To date, there has been no formal or official apology from Japan.

 
We Want To Tell The World

Japan Shirks Its Historical Responsibility

 

During the giveaway portion of the luncheon, the delegates offered several copies of a small book as gifts detailing their protest.  “We Want To Tell The World – Japan Shirks Its Historical Responsibility” - Taiwan Aboriginal Protest Delegation to The United Nations.

 

The booklet’s summarized English translation demands that Japan ‘Face Up to History! Show true remorse! Apologize and compensate!’ for wartime crimes during 50 years following Japan’s invasion of Taiwan in 1895. The Japanese colonial regime is accused of having committed heinous crimes of planned state violence against Taiwan’s Aborigines:

 

  • Violent annexation and occupation of Taiwan (Formosa).

  • Seizure of Aboriginal lands under the guise of nationalization.

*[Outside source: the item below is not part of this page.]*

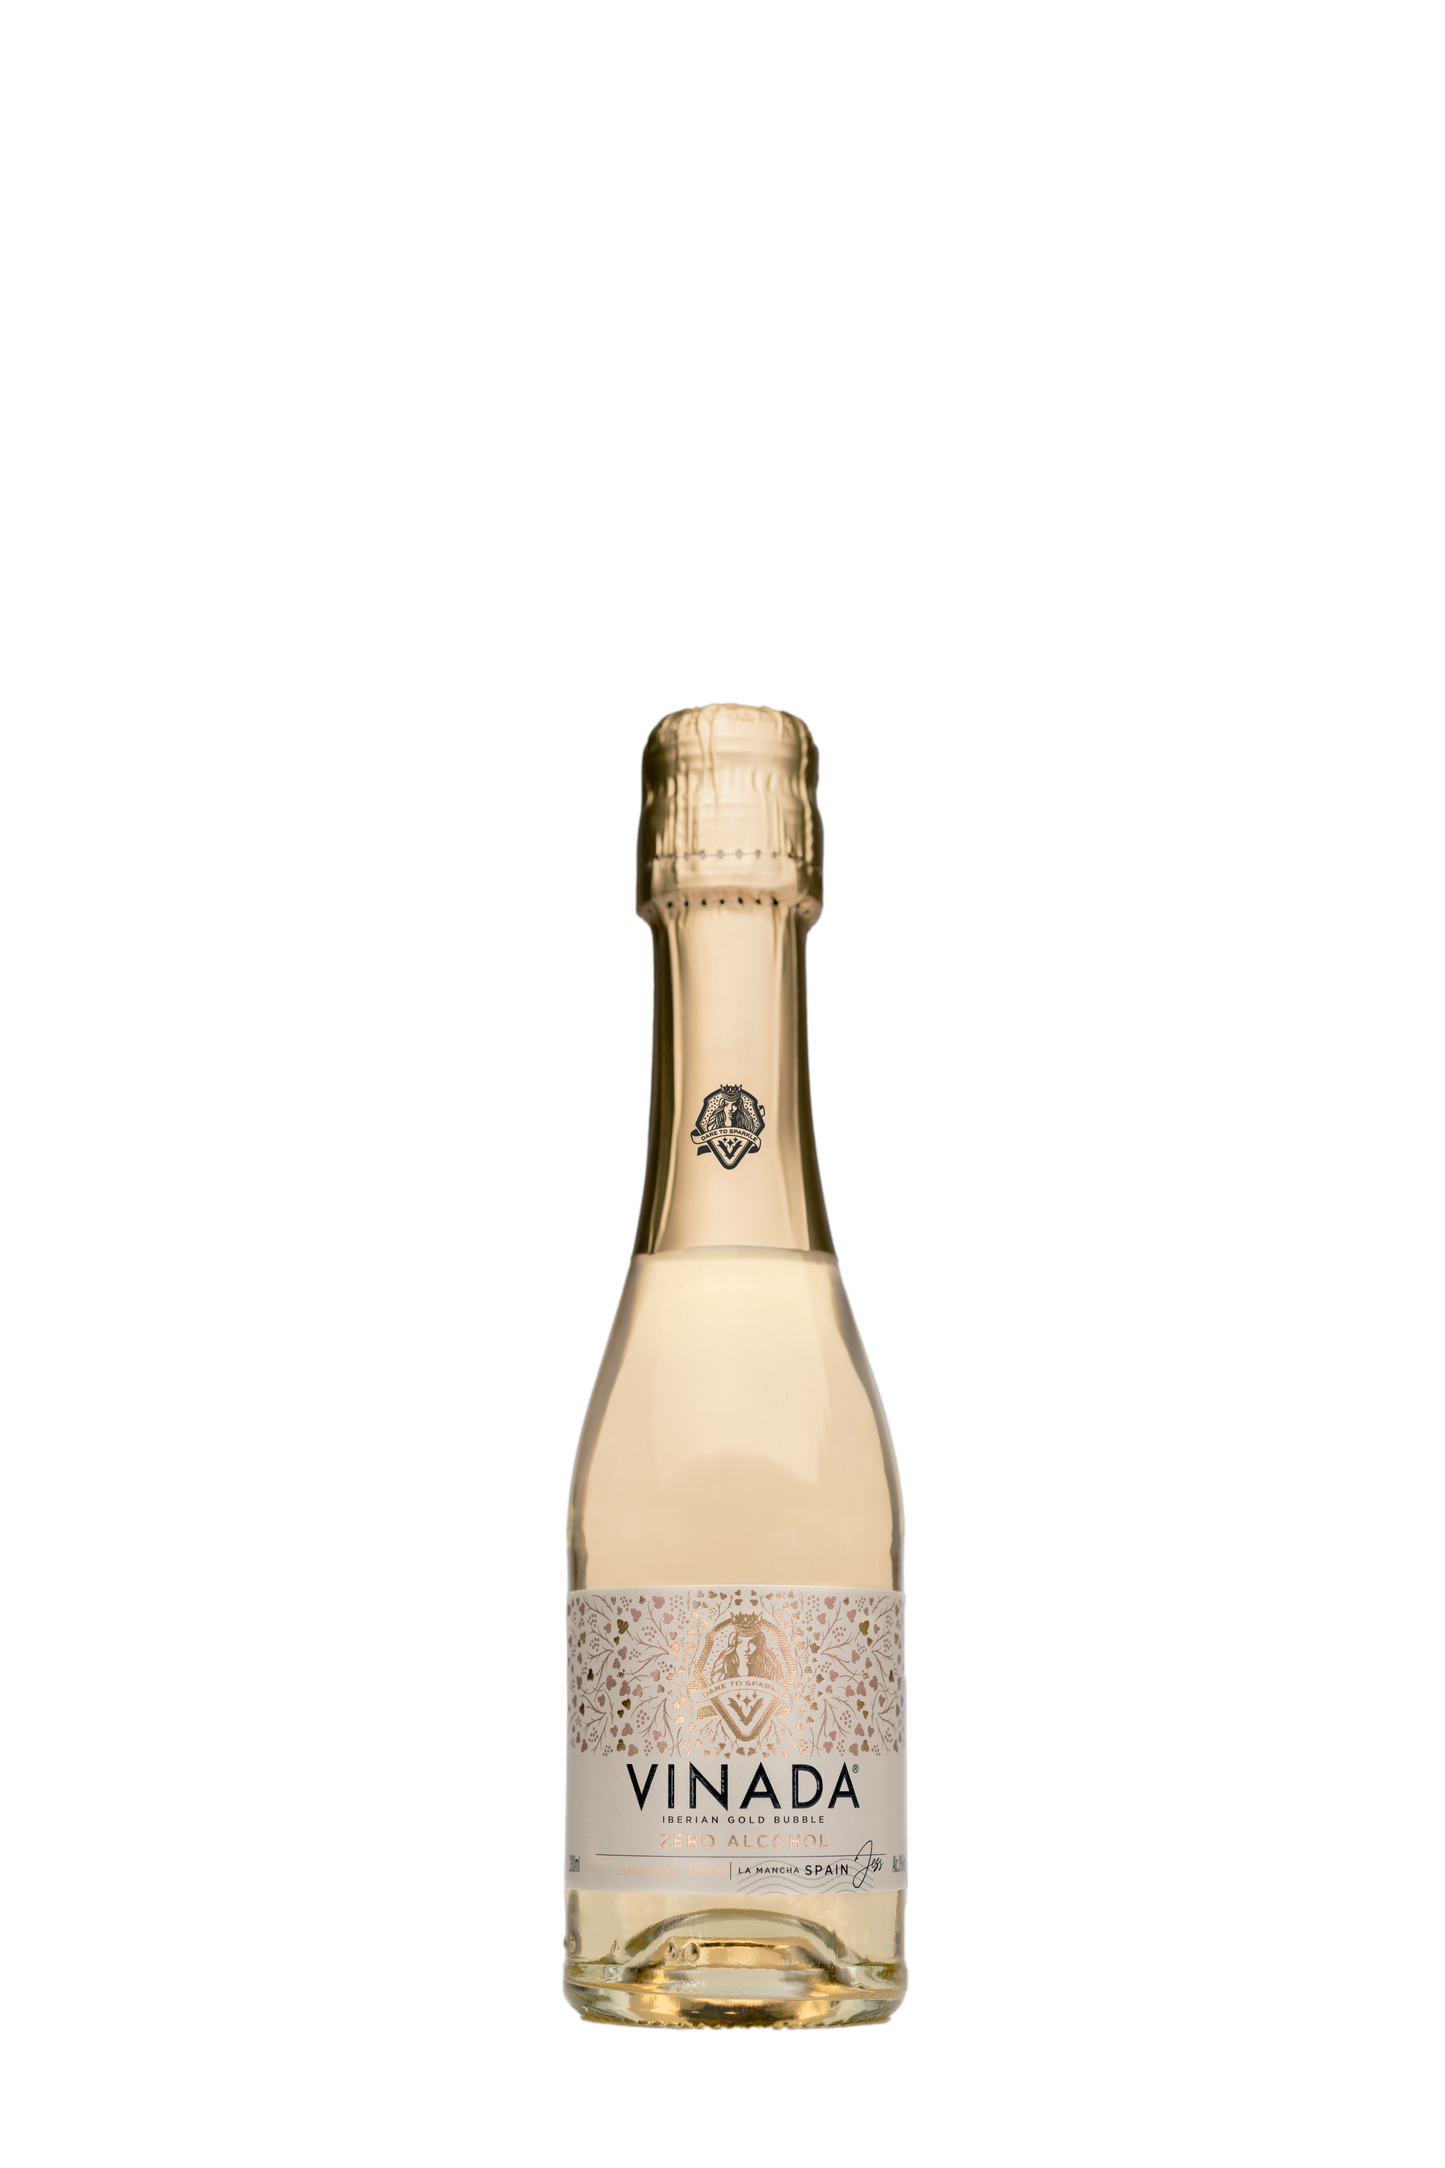 VINADA Amazing Airen Gold 200ml bottle

  • Suppression of Aboriginal tribes with a policy of “kill all, seize all, burn all”.

  • Exclusion of Aborigines from the legal system.

  • Forcible subjection of Aborigines to police rule.

  • Forcible suppression of Aboriginal culture.

  • Enslavement of Aborigines through forced labor.

  • Sexual enslavement of Aboriginal women.

 

The book also declares that the Second World War ended 60 years ago, but that the violence Japanese militarists inflicted on Taiwan’s Aborigines has not ceased. The “fallen combatants of the Takasago Volunteers” were forcibly conscripted by the colonial regime to die as ‘cannon fodder on the battlefield,’ but today their souls must still suffer the indignity of having their memorial tablets placed alongside those of Class-A war criminals in the Yasukuni Shrine!

 

By putting the victims and the perpetrators together in the same place, the Japanese militarists are using the Yasukuni Shrine to perpetually enslave Aborigine’s souls. In recent years, Japanese extreme right-wing groups have been using the lure of free trips to solicit Taiwanese Aborigines to visit the Yasukuni Shrine. The purpose of this trickery is to deny Japan’s historical guilt and to falsely portray Taiwanese Aborigines as “Pro-Japanese”.

 

The charismatic independent lawmaker, Chin Su-Mei and her delegation have been requesting rigorously to Japanese government officials to have indigenous Taiwanese’s names and the tablets removed from the Shrine’s enshrinement list, calling it an insult to their people.

 

The delegation’s planned schedule includes a press conference at the Chinese Consolidated Benevolent Association of New York; and an opening, at the Sheraton LaGaurdia East Hotel, of the historical photographs of Japanese atrocities. Also planned was an address of protest to Japan at the (New York) Consulate General of Japan and a press conference. The group was then scheduled for travel to Pennsylvania for another press conference in Philadelphia, ‘the city of brotherly love.’

 

From Philadelphia, a small group of the delegates will travel to Osaka, Japan, to visit anti-Yasukuni Shrine organizations… but travel, for most of them, will be on the journey back home.